Giter Site home page Giter Site logo

tunib-electra's Introduction

TUNiB-Electra

We release several new versions of the ELECTRA model, which we name TUNiB-Electra. There are two motivations. First, all the existing pre-trained Korean encoder models are monolingual, that is, they have knowledge about Korean only. Our bilingual models are based on the balanced corpora of Korean and English. Second, we want new off-the-shelf models trained on much more texts. To this end, we collected a large amount of Korean text from various sources such as blog posts, comments, news, web novels, etc., which sum up to 100 GB in total.
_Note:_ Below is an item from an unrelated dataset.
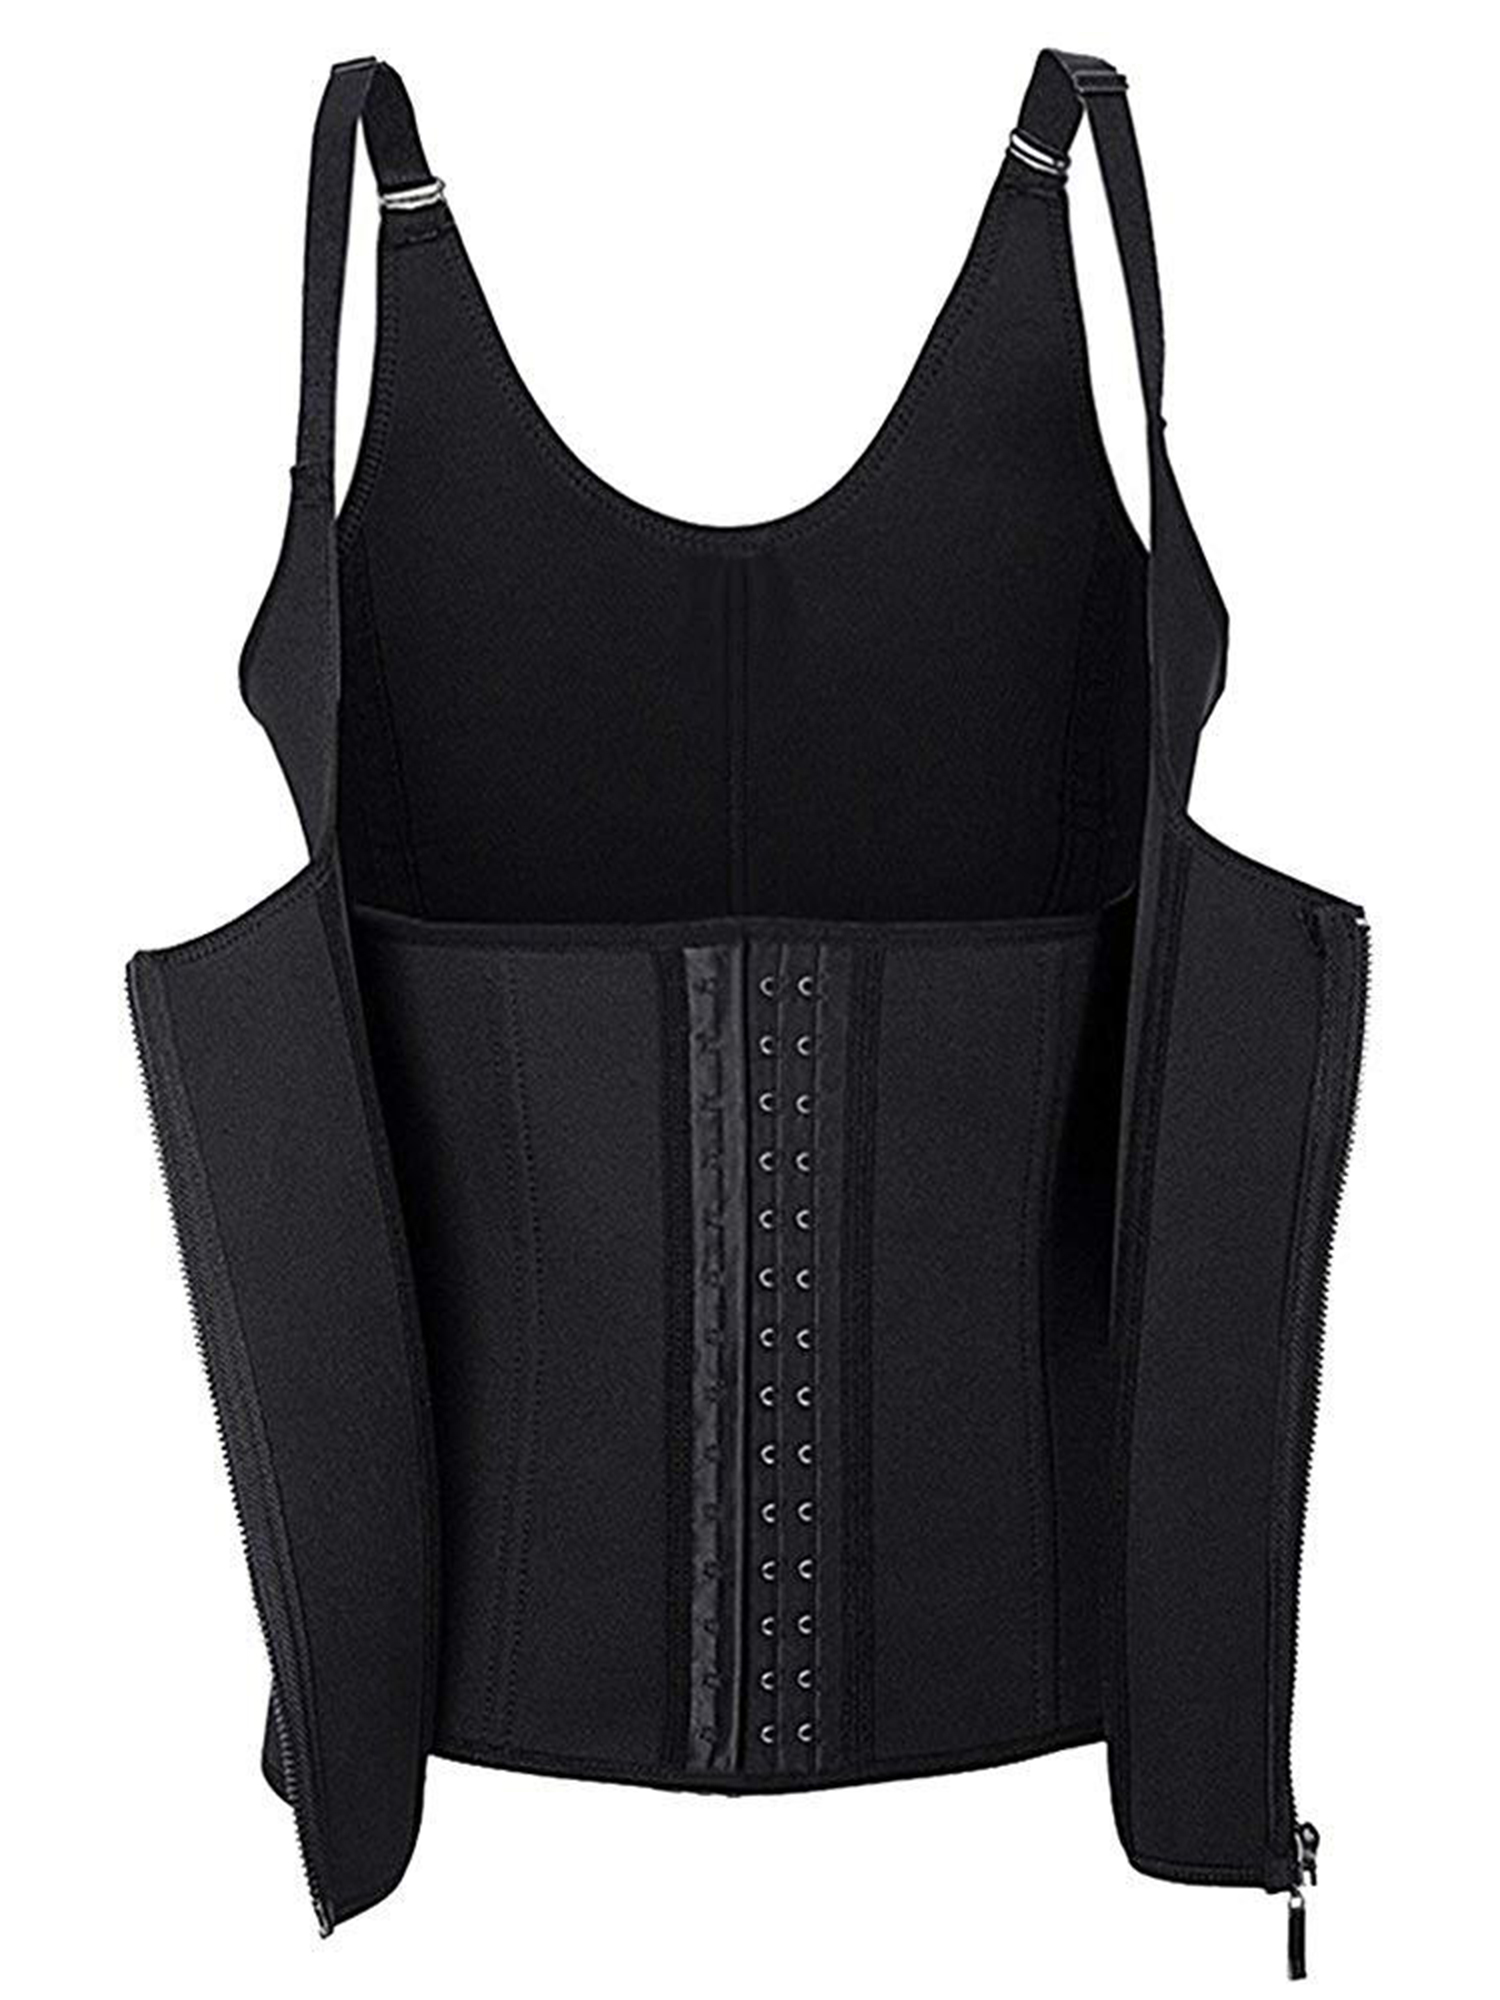 Waist Trainer Corset for Weight Loss Tummy Control Sport Workout Body Shaper Black

You can use TUNiB-Electra with the Hugging Face transformers library.

What's New:

How to use

You can use this model directly with transformers library:

from transformers import AutoModel, AutoTokenizer

# Small Model (Korean-English bilingual model)
tokenizer = AutoTokenizer.from_pretrained('tunib/electra-ko-en-small')
model = AutoModel.from_pretrained('tunib/electra-ko-en-small')

# Base Model (Korean-English bilingual model)
tokenizer = AutoTokenizer.from_pretrained('tunib/electra-ko-en-base')
model = AutoModel.from_pretrained('tunib/electra-ko-en-base')

# Small Model (Korean-only model)
tokenizer = AutoTokenizer.from_pretrained('tunib/electra-ko-small')
model = AutoModel.from_pretrained('tunib/electra-ko-small')

# Base Model (Korean-only model)
tokenizer = AutoTokenizer.from_pretrained('tunib/electra-ko-base')
model = AutoModel.from_pretrained('tunib/electra-ko-base')

Tokenizer example

>>> from transformers import AutoTokenizer
>>> tokenizer = AutoTokenizer.from_pretrained('tunib/electra-ko-en-base')
>>> tokenizer.tokenize("tunib is a natural language processing tech startup.")
['tun', '##ib', 'is', 'a', 'natural', 'language', 'processing', 'tech', 'startup', '.']
>>> tokenizer.tokenize("튜닙은 자연어처리 테크 스타트업입니다.")
['튜', '##닙', '##은', '자연', '##어', '##처리', '테크', '스타트업', '##입니다', '.']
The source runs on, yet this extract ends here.